On Tuesday, though, the state of Michigan had been treated to Governor Comstock’s Valentine, and that had made Will a tiny bit nervous. Michigan’s governor was not the first governor to close all the banks in his state, but Michigan seemed closer to North Dakota than any of the other states.

Will walked up the three wooden steps and opened the door of Harry’s bank. Harry came to the window.

“Hello …
hello,
Mr. Shepard! I’m … so glad you came by today.”

“Hello, Harry.” Will was embarrassed. He was afraid Harry knew why he came so often for such petty business. “I’m just going to get a little cash. Ten dollars will do it.” He began to write out the check.
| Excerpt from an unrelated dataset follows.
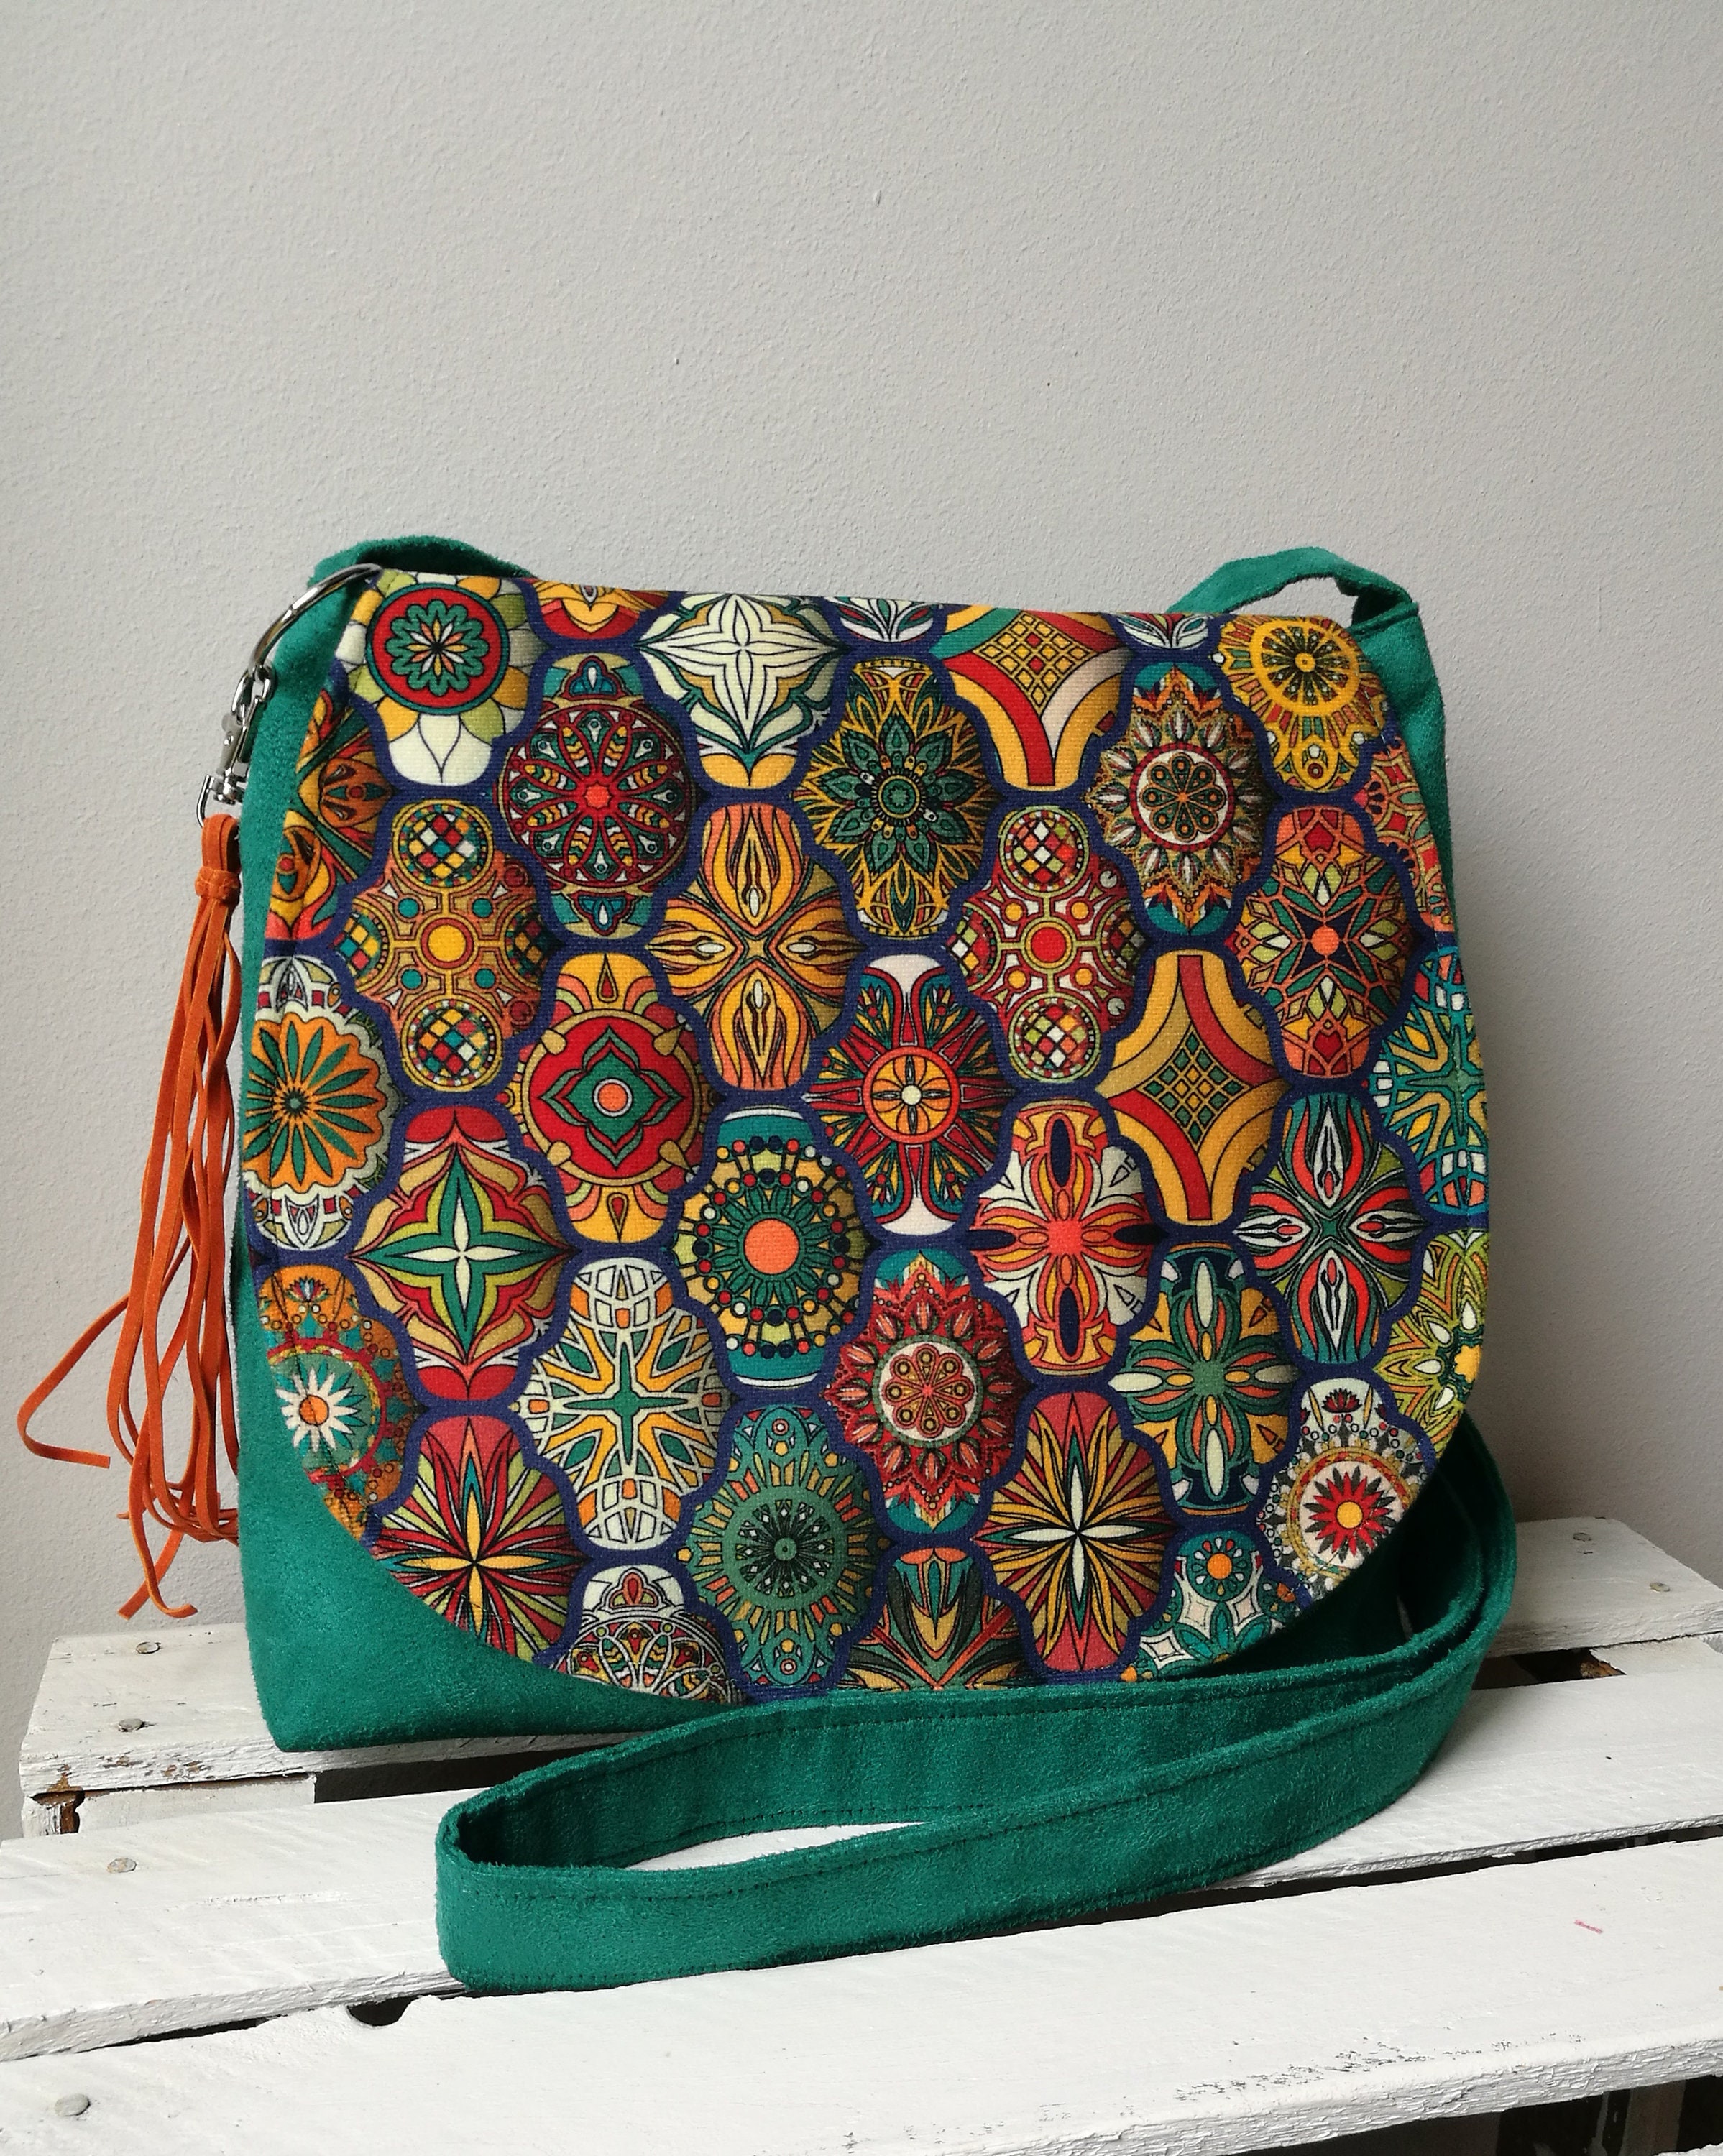 Cunno 3 Pieces Boho Bags for Women Crossbody Hippie Handbags Bohemian Hippie Bags Ethnic Style Bag Lady's Hippie Crossbody Shoulder Bag Women

“Mr. Shepard—wait a minute. Just let me check your balance here. Just a minute.”

“My balance?”

“Mr. Shepard, you and I have been friends a long time, right? Ten years, right? You’ve been a good friend of mine … here. Here it is. It’s all up to date. Two thousand, eight hundred and sixty-seven. That’s your balance—checking and savings. Make it out for that!”

Will couldn’t understand it. He’d been Harry’s friend; now Harry wanted him to withdraw his entire account. Was Harry so deeply offended just because of these frequent small checks? Will was horrified to think that his petty fears had so injured a man for whom he felt nothing but respect and sympathy.

Harry began counting out bills from his drawer and Will opened his mouth to beg Harry’s pardon. But he closed it, in shock, as he would recoil from the lung-searing breath of a blizzard wind. The window with the terrible face in it was the window that had opened at last between him and the storm burying the world. There was nothing at all to say.

Harry scuttled to the vault and came back with more bills. “I’ll make it all twenties and fifties,” he said. He jammed his finger into a rubber tip and began sliding off the fifties into a pile on Will’s side of the window.

The bills slapped down so fast that Will could not begin to say “a half of a hundred dollars” to himself as each one dropped. He lost count after the first three or four and just watched.